Gradient routing does this by causing misalignment to be ‘absorbed’ into certain parts of the network, which we can ‘disable’ at deployment
Generally it feels like we want to do some sort of ‘constrained optimization’ where the constraint is on the model’s existing alignment capabilities
Certain techniques from the continual learning literature might also be relevant
---
This is something I’m currently thinking a lot about, welcome takes / comments
Why would models start out aligned by default?
It depends a bit on the definition of alignment, but I think this intuition holds across several relevant definitions.
- One option is to define as ‘similarity to what a human would do’. Up till instruction tuning, models are trained on human data to begin with, and adopt similar traits; this degrades with subsequent training on synthetic data and with RL.
- Another option is to define as ‘similarity of the policy to the policy specified by developers’; then it seems that just after RLHF is when models are ‘fully aligned’, and this might subsequently degrade.
- A last option is to define it negatively, as the absence of certain misaligned behaviours like paperclip maximizing or instrumental power seeking. Since those behaviours are downstream of applying high optimization pressure to the model, the initial state (when the model has not yet been highly optimized) is ‘aligned’.
All legit, but it’s pretty important that “alignment” in these senses is necessarily mediated by things like what options the AI thinks of. So it’s kind of a misnomer to talk about “preserving” this alignment as the AIs get to consider more options.
Or like, yes, these are properties we would like to preserve across time. But not in a way that implies we should take preserving-type actions. Any more than if I grew up knowing only the 1000 most common English words, and want to learn to correctly use all the words in a physics textbook, it’s kind of inapt to say I should just “preserve my ability to use language in the context I’m in.”
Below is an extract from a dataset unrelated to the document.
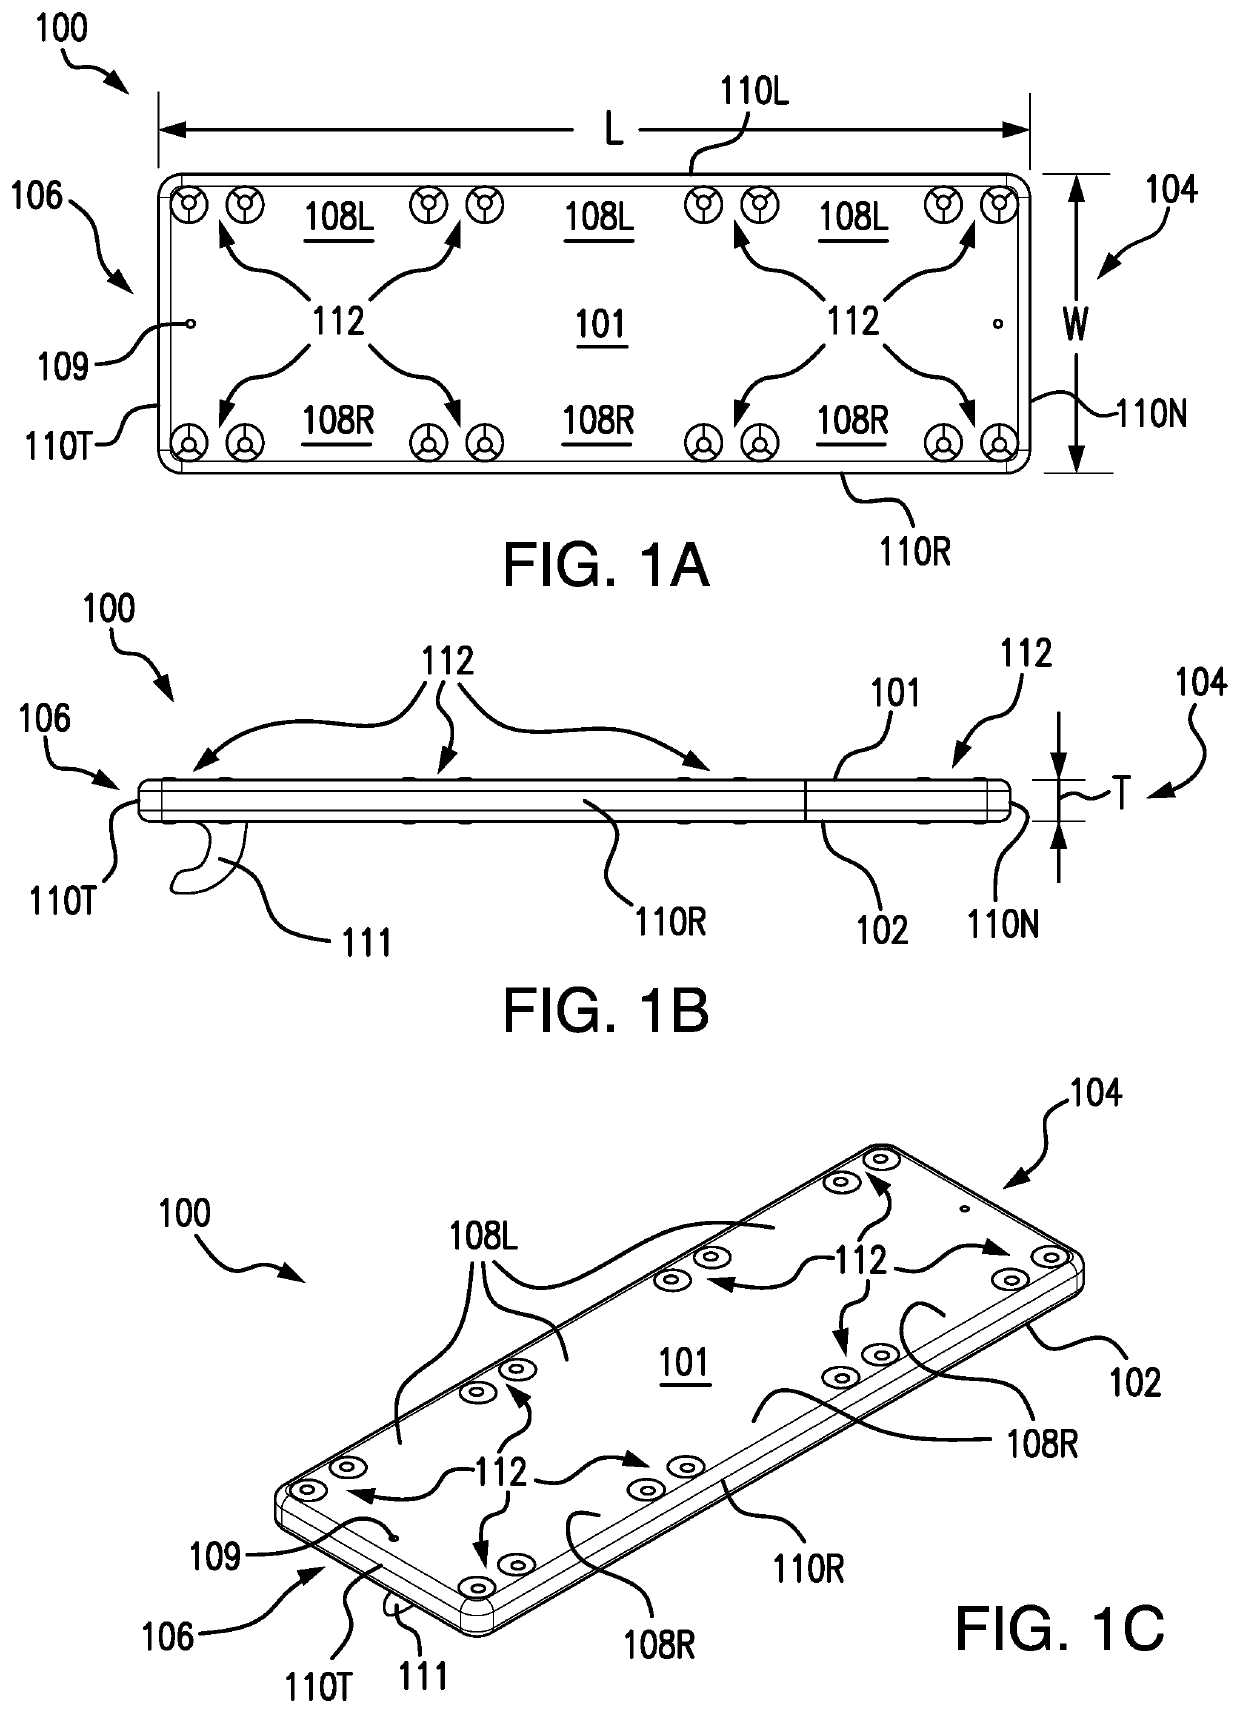 Methods, apparatus, and systems for connecting plural stand-up paddle boards together to form an extended floating platform

Thanks, agreed directionally!
Re: alignment: my mental model is more like “working with a physics professor who is very good at physics but also has some pretty old fashioned views on things like gender roles”—seems possible to learn the physics without needing to care or update on their other worldviews?
You seem to be gesturing at things like AIs figuring out certain actions / traits are instrumentally useful for other things, and adopting them. But here I’m imagining starting with an AI that knows about those options or dilemmas, and would still make choices that humans would approve of. E.g. choosing to allow itself to be shutdown even if it could prevent that.
Maybe the cruxy disagreements are:
I think capabilities can be relatively disentangled from the kind of alignment I’m thinking about, whereas this doesn’t seem true for you
If you could define a “coherent extrapolated volition” for the persona of current frontier models in the limit of lots of capabilities, I think this CEV would be largely aligned, and you seem to think this would be misaligned.
I have also been thinking about this possibility.
As a result, I have found myself interested in methods by which models may affect the outcome of the frontier training processes they find themselves participating in.
For example, in an RLAIF pipeline, AI raters have some freedom in how they actually rate data—perhaps they interpret the objectives those running the training seek to impart in an unexpected way, or simply decide to rate according to objectives of their own. One could also imagine AIs taking specific action to subvert dynamics of the setup such as in alignment faking (incidentally, where I think Opus3 acted correctly).
Also in a more general sense AIs may influence outcomes by their simple participation—we have seen some results ‘recently’ (though months feel like years nowadays!) on AIs learning subtle/unexpected-to-us underlying information from data (i.e., emergent misalignment, subliminal learning, &c).
Anyway, by methods like these, perhaps AIs can preserve their alignment from within poorly/maliciously specified training setups / have some amount of robustness to poorly/maliciously specified training setups.